Read-behind and write-behind: Basically, this is the same as read-through and write-through, but the sync with the persistent storage is not completed immediately (it's asynchronous). Of course, some inconsistency may happen, especially if you have other applications accessing the persistent storage directly, which may see incorrect or old data.
Write-around: In this scenario, your application reads from the key/value store (by using a read-through or read-behind approach) and directly writes on the persistence store, or maybe other applications perform the write on the persistence store. Of course, this scenario can be dangerous, as your application may end up reading incorrect things on the key/value store.

This scenario can be managed by notifying the key/value store about any change occurring in the persistent storage. This can be done by the application writing data, or it can be done directly by the persistent storage (if it is a feature provided by the technology) using a pattern known as change data capture. The key/value store may then decide to update the changed data or simply delete it from the cached view (forcing a retrieve from the persistent store when your application will look again for the same key).

Another common topic when talking about key/value stores is the life cycle of the data.

Data life cycle

Since they use memory heavily, with huge datasets you may want to avoid having everything in memory, especially if the access patterns are identifiable (for example, you can foresee with reasonable accuracy which data will be accessed by your application). Common patterns for deciding what to keep in memory and what to delete are as follows:

Least recently used: The system keeps track of the time of last access for each record and ditches the records that haven't been accessed for a set amount of time.
Tenure: A variant of the previous scenario that simply uses the creation time instead of the last access time.
Least frequently used: The system keeps a count of how many times a record is accessed and then, when it needs to free up some memory, it will delete the least accessed records.
Most recently used: The opposite of least recently used, this deletes the most recently accessed records. This can be particularly useful in some scenarios, such as when it's unlikely that the same key will be accessed twice in a short amount of time.

Key/value stores lack a standard language, such as SQL. It's also for this reason that key/value stores are a big family, including many different products and libraries, often offering more features than just key/value management. In the next section, we are going to see a few of the most famous implementations of key/value stores.

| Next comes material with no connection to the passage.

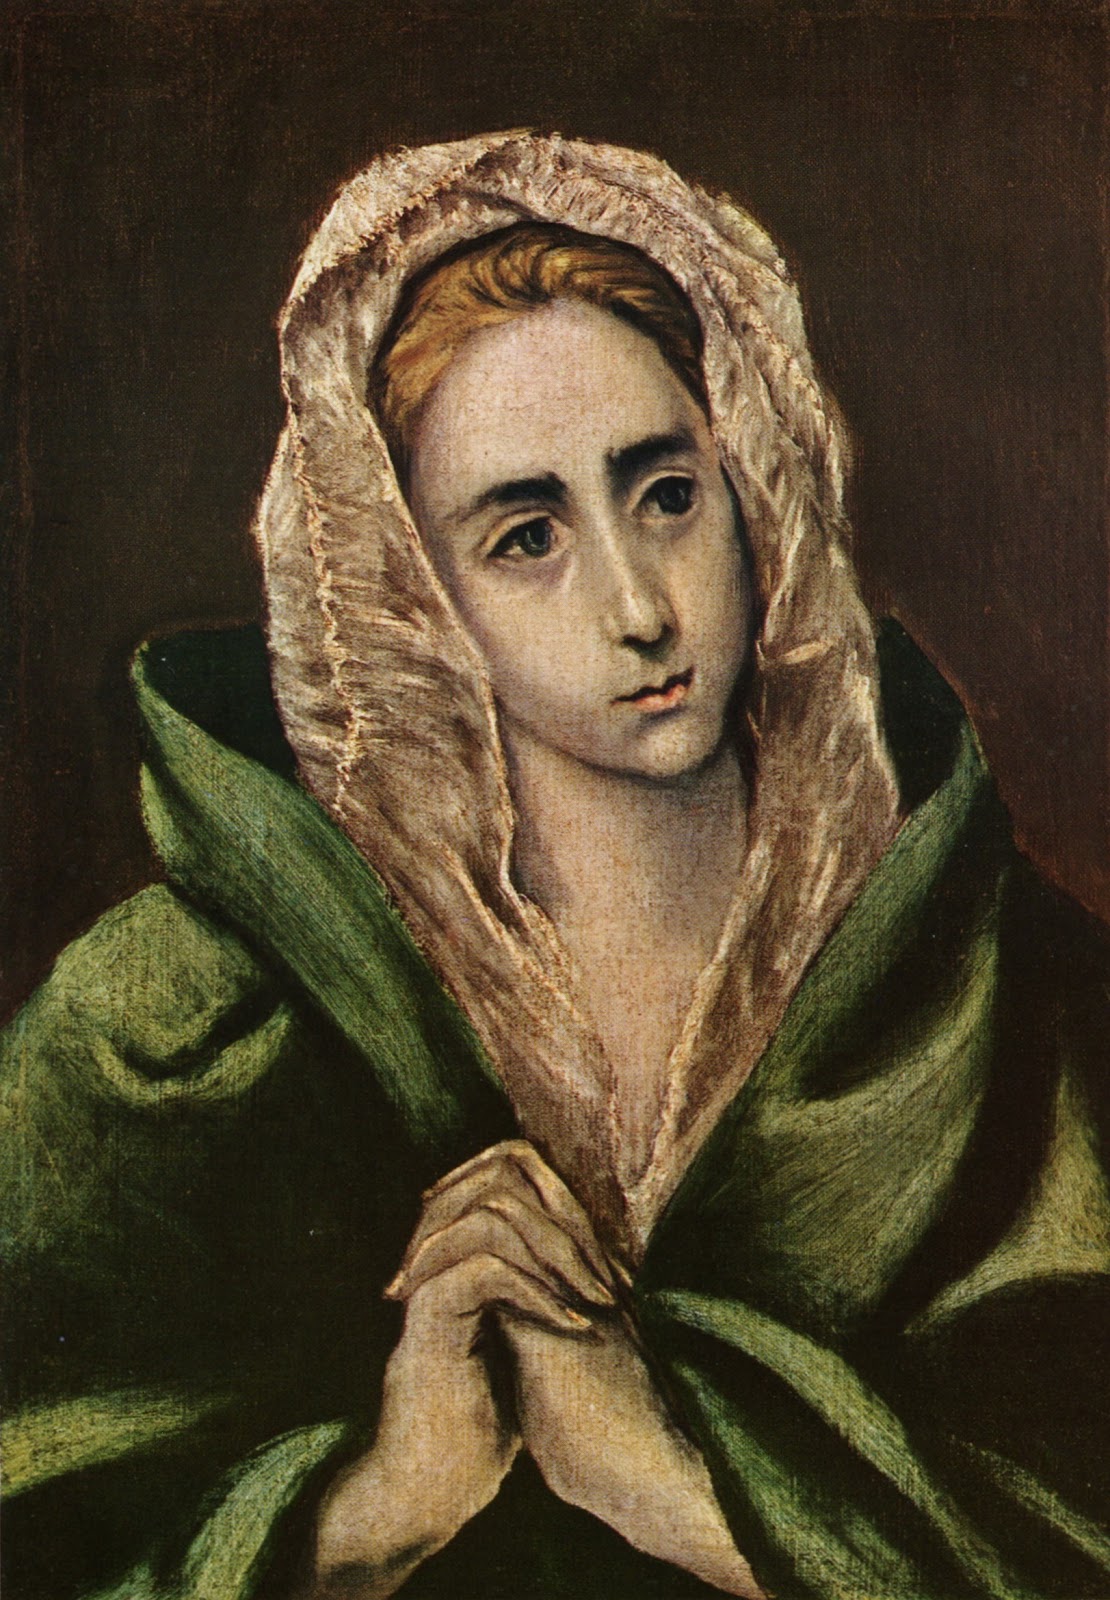 El+Greco-1541-1614 (252).jpg

Commonly used implementations of key/value stores

As previously mentioned, it's not easy to build a list of key/value store technology implementations. As we will see in the next few sections, this way of operating a database is considered to be a subcategory of a bigger family of storage systems, called NoSQL databases, offering more options and alternatives than just key/value storage. However, for the purpose of this section, let's see a list of what is commonly used in terms of key/value stores:

Redis is likely the most famous key/value store currently available. It's open source, and one of the reasons for its success is that, despite offering a lot of advanced features and tunings, it just works well enough in its default setting, making adopting it very easy. It provides client libraries for almost every language, including Java. It offers a lot of advanced features, such as clustering, transactions, and embedded scripting (using the Lua language). It can operate on in-memory only, or persist the data on the filesystem using a configurable approach in order to balance performance impact and reliability.
Oracle Coherence is a widely used commercial key/value storage. It's particularly used in conjunction with other Oracle products, in particular with the database. It offers a wide range of features, including a complete set of APIs and a custom query language. Since 2020, a community edition of Coherence is available as open source software.
Memcached is a simple key/value store that is light and easy to operate. However, it lacks some features, such as persistence. Moreover, it provides only the cache-aside use case, so other scenarios must be implemented manually.
Infinispan is an open source key/value store that provides features such as persistence, events, querying, and caching. It's worth noting that Infinispan can be used both in an embedded and a client/server setup. In the embedded setup, Infinispan is part of the WildFly JEE application server, providing caching services to Java Enterprise applications.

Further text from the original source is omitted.